Where Honeybees Thrive

DeLuca Forum

Colony Collapse Disorder, ubiquitous pesticide use, industrial agriculture, habitat reduction—these are just a few of the issues causing unprecedented trauma in honeybee populations worldwide. In this artfully illustrated book, Heather Swan embarks on a narrative voyage to discover solutions to—and understand the sources of—the plight of honeybees.

 

Through a lyrical combination of creative nonfiction and visual imagery, Where Honeybees Thrive tells the stories of the beekeepers, farmers, artists, entomologists, ecologists, and other advocates working to stem the damage and reverse course for this critical pollinator.
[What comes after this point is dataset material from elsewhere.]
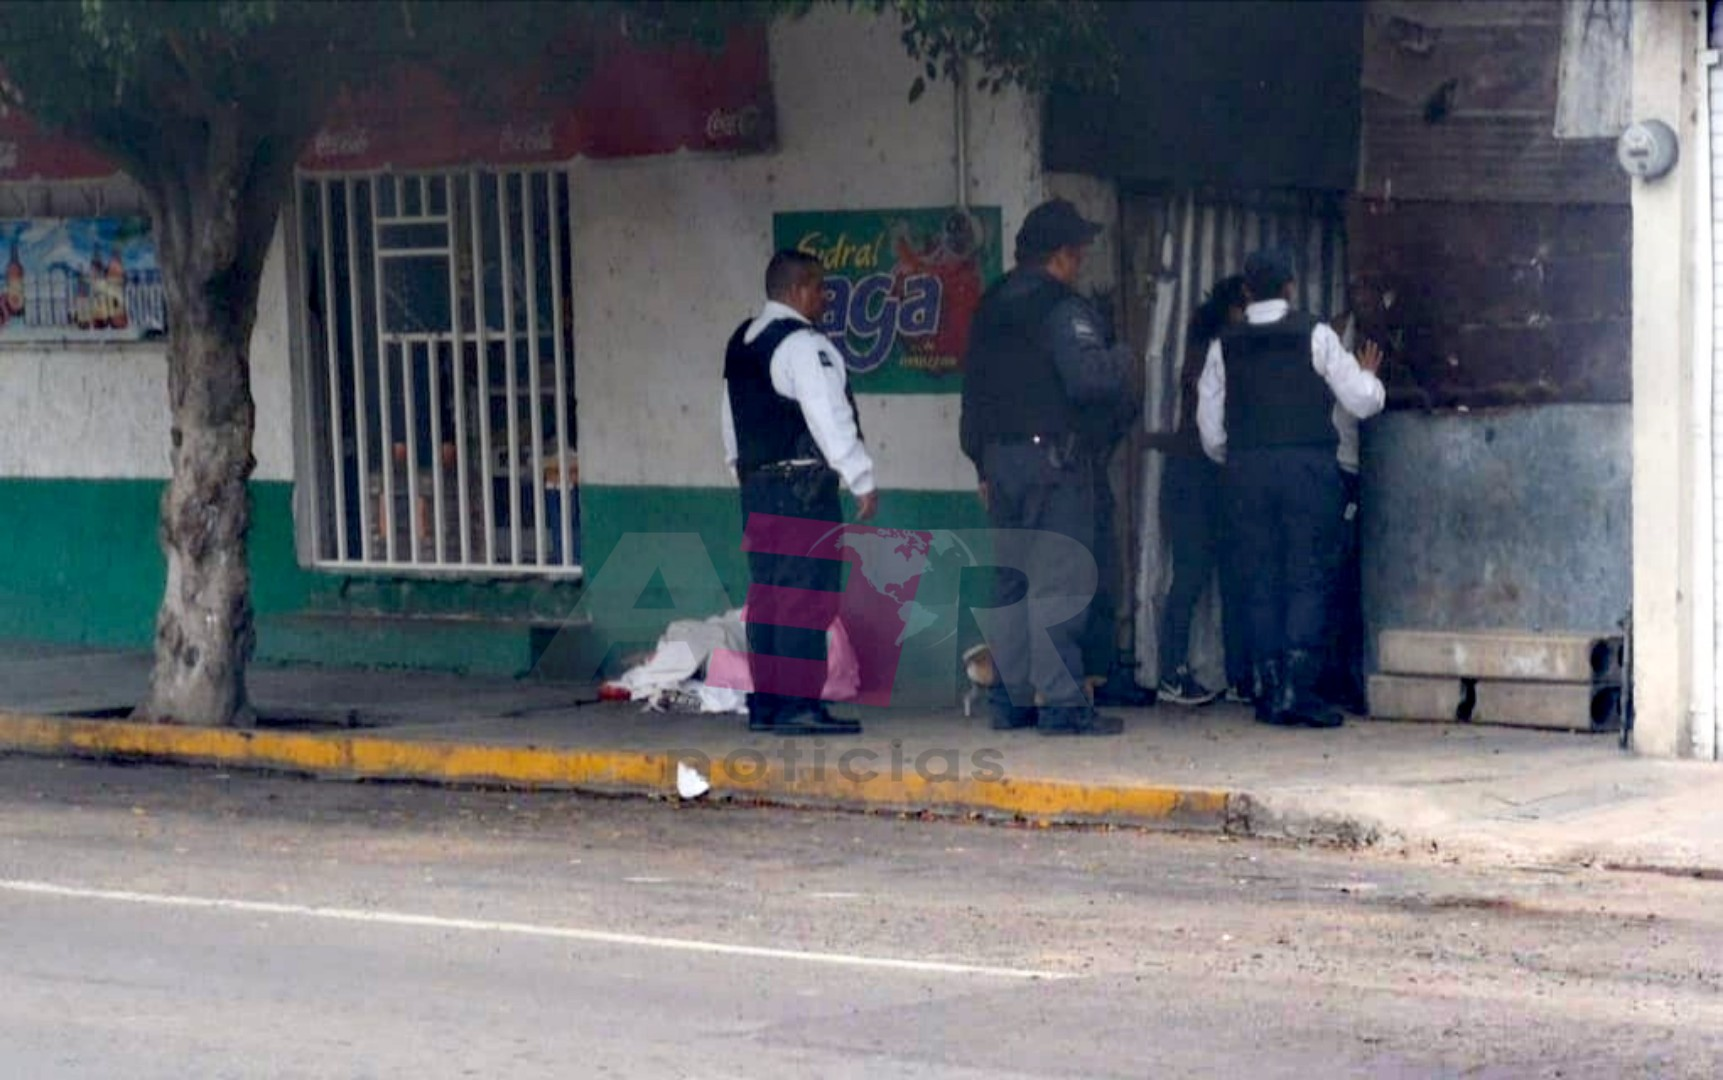 EJECUTAN A HOMBRE EN CALZADA DE LOS CHINACOS 3

Using her own quest for understanding as a starting point, Swan highlights the innovative projects and strategies these groups employ. Her mosaic approach to engaging with the environment not only reveals the incredibly complex political ecology in which bees live—which includes human and nonhuman actors alike—but also suggests ways of comprehending and tackling a host of other conflicts between postindustrial society and the natural world. Each chapter closes with an illustrative full-color gallery of bee-related artwork.

 

A luminous journey from the worlds of honey producers, urban farmers, and mead makers of the United States to those of beekeepers of Sichuan, China, and researchers in southern Africa, Where Honeybees Thrive traces the global web of efforts to secure a sustainable future for honeybees—and ourselves. 

 

Presented in partnership with the Wisconsin Science Festival.

Heather Swan

Heather Swan

Heather Swan is the author of the nonfiction book, Where Honeybees Thrive: Stories from the Field (Penn State Press), winner of the Sigurd F. Olson Nature Writing Award;  the chapbook of poems, The Edge of Damage (Parallel Press), winner of Wisconsin Fellowship of Poets Best Chapbook Award; and the forthcoming book of poems, A Kinship with Ash (Terrapin Books). Her nonfiction has appeared in such places as  Aeon, Belt Magazine, Catapult, Minding Nature, Basalt, ISLE, and Edge Effects. Her poetry has appeared in such journals as Poet Lore, The Hopper, Phoebe, Cold Mountain Review, Midwestern Gothic, The Raleigh Review and several anthologies. She has been the recipient of the Martha Meyer Renk Fellowship in Poetry, the August Derleth Prize, and an Illinois Arts Council Artist Grant.  She teaches writing and environmental literature at the University of Wisconsin-Madison.